The issues around having multiple VMkernels on a single host in one IP subnet is nothing new. The accepted practice has been to generally stay away from multiple VMkernels in a single subnet, but the lines blur a bit when factoring the VMkernel’s intended purpose.
- In VMware Support Insider Post, it states to only use one VMkernel per IP Subnet. Well, except for iSCSI storage, and vMotion.
- In VMware KB 2007467, it states: "Ensure that both VMkernel interfaces participating in the vMotion have the IP address from the same IP subnet."
The motives for recommending isolation of VMkernels is pretty simple. The VMkernel network stack uses a single routing table to route traffic. Two hosts talking to each other on one subnet with multiple VMkernels may not know what interface to use. The result can be unexpected behavior, and depending on what service is sitting in the same network, even a loss of host connectivity. This behavior can also vary depending on the version of ESXi being used. ESXi 5.0 may act differently than 5.1, and 5.5 changes the game even more with the ability to create Custom TCP/IP stacks per VMkernel adapter.which could give each VMkernel its own routing table.
So what about FVP?
How does any of this relate to FVP? For me, this initial investigation stemmed from some abnormally high latencies I was seeing on my VMs.
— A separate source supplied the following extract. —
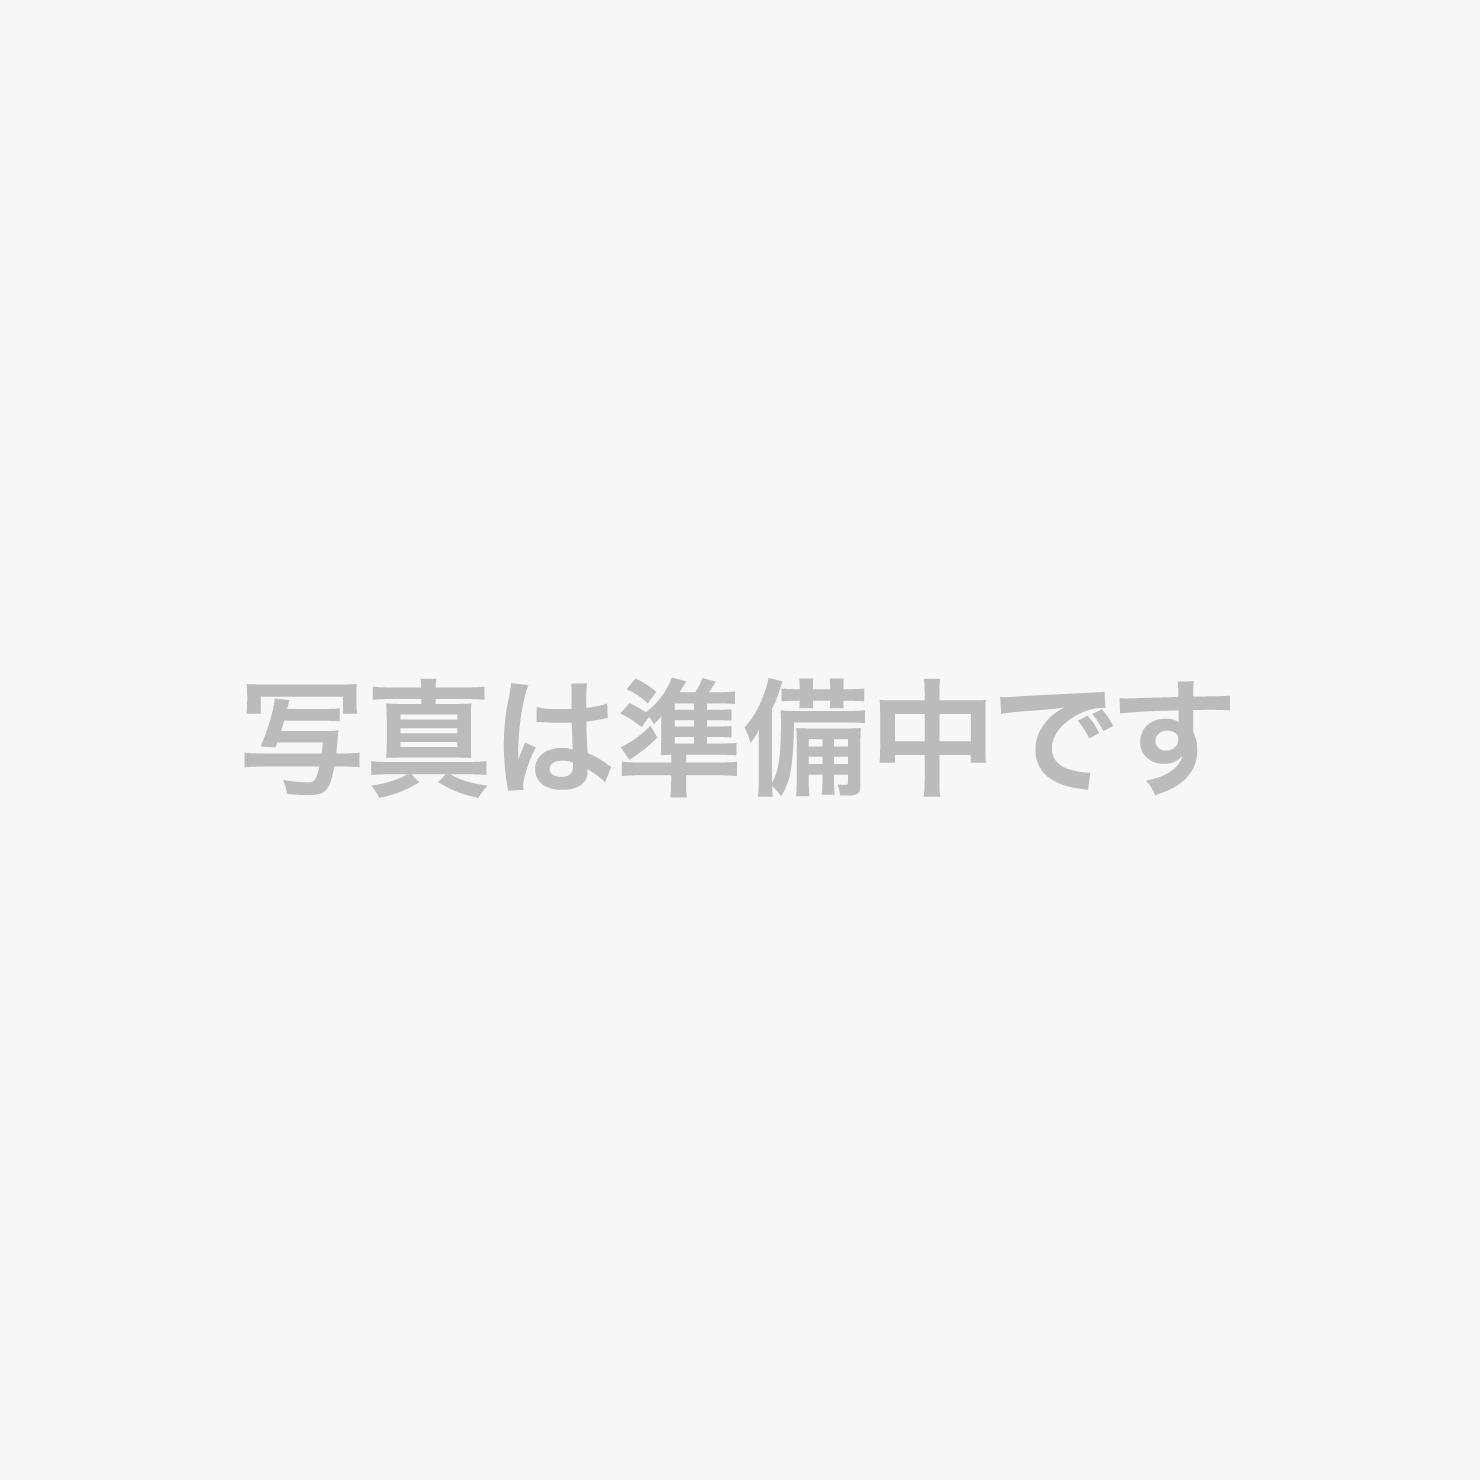 【蟹料理】香箱(イメージ)

This is quite the opposite effect I’m used to having with FVP. As it turns out, when FVP was pinned to my vMotion-2 network, it was correctly sending out of the correct interface on my multi-NIC vMotion setup, but the receiving ESXi host was using the wrong target interface (vMotion-1 VMkernel on target host), which caused the latency. Just like other VMkernel behavior, it naturally wanted to always choose the lower vmk number. Configuring FVP to use vMotion-1 network resolved the issue instantly, as vMotion-1 in my case it was using vmk1 instead of vmk5. Many thanks to the support team for noticing the goofy communication path it was taking.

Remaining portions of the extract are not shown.